Thursday, 17 May 2018: 09:15
Room 612 (Washington State Convention Center)
S. Hwang, A. B. Laursen, S. H. Porter, Y. Hongbin, M. Li, V. Manichev, K. U. D. Calvinho, V. Amarasinghe, M. Greenblatt, E. Garfunkel, and G. C. Dismukes (Rutgers University)
The development of a solar-driven water splitting device that replaces costly noble metal electrodes, while achieving high performance and stable operation, is a major challenge. Transition metal phosphides (TMP) are being developed as low-cost hydrogen evolution reaction (HER) catalysts, but no reports have demonstrated their successful integration with a photoabsorber achieving stable performance in liquid junction electrolytes.

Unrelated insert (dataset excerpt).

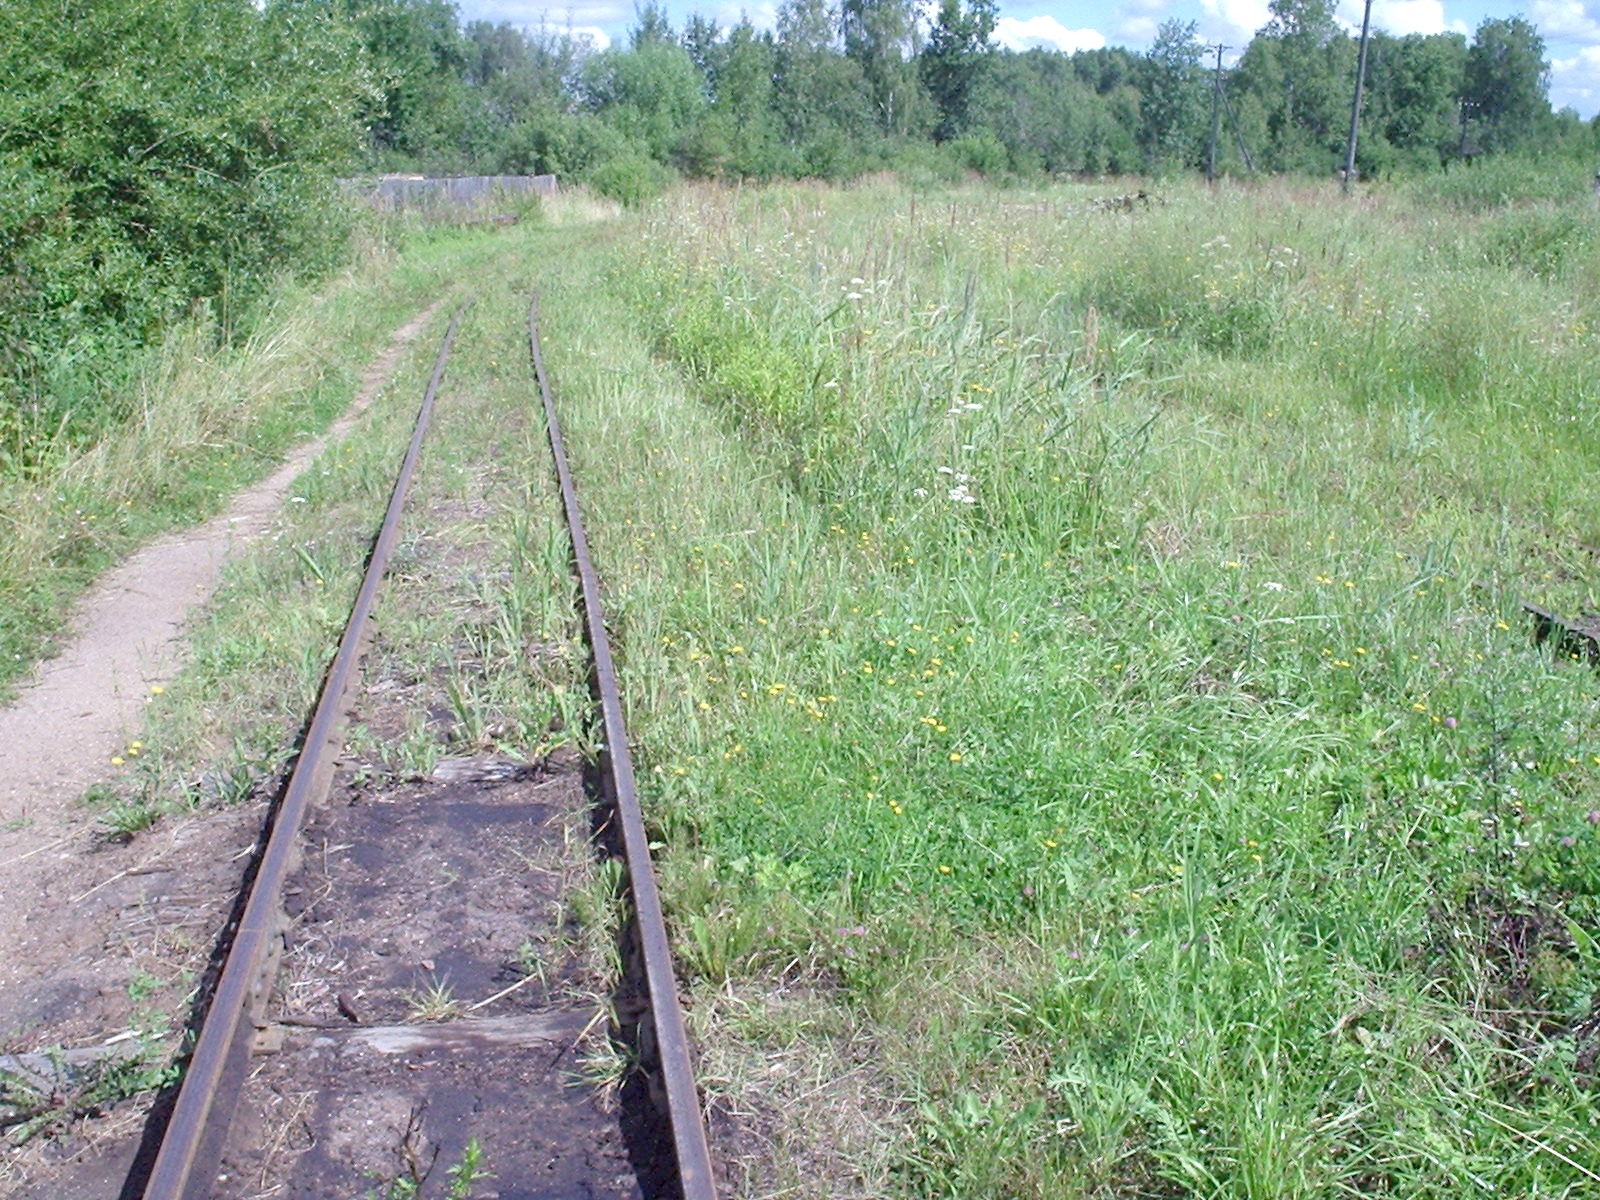 Узкоколейная железная дорога Васильевского предприятия промышленного железнодорожного транспорта  — фотографии, сделанные в 2005 году (часть 11)

Here, we report on a monolithic junction consisting of cubic-NiP2 HER catalyst : TiN ultrathin-film : Si photoabsorber. Crystalline TiN creates an electron conducting, near-transparent film that effectively hinders atomic diffusion during fabrication and maintains stable interfaces. Crystalline cubic-NiP2 on TiN/n+p-Si retains 97% of the bare Si’s photovoltage, a comparable Jsc to bare Si, and achieves a turnover frequency of 1.04 H2 site-1s−1 at −100 mV applied electrical potential. When used in 0.5 M H2SO4 it requires only −150 mV overpotential beyond Pt/TiN/n+p-Si benchmark to reach an HER photocurrent density of −10 mA/cm2. This photocathode maintains a stable H2 photocurrent (±10%) for at least 125 hours, the duration of test. Transmission electron microscopy, voltammetry, ion scattering, AFM and XPS give information on the physical properties responsible for the observed activity and stable performance of these interfaces.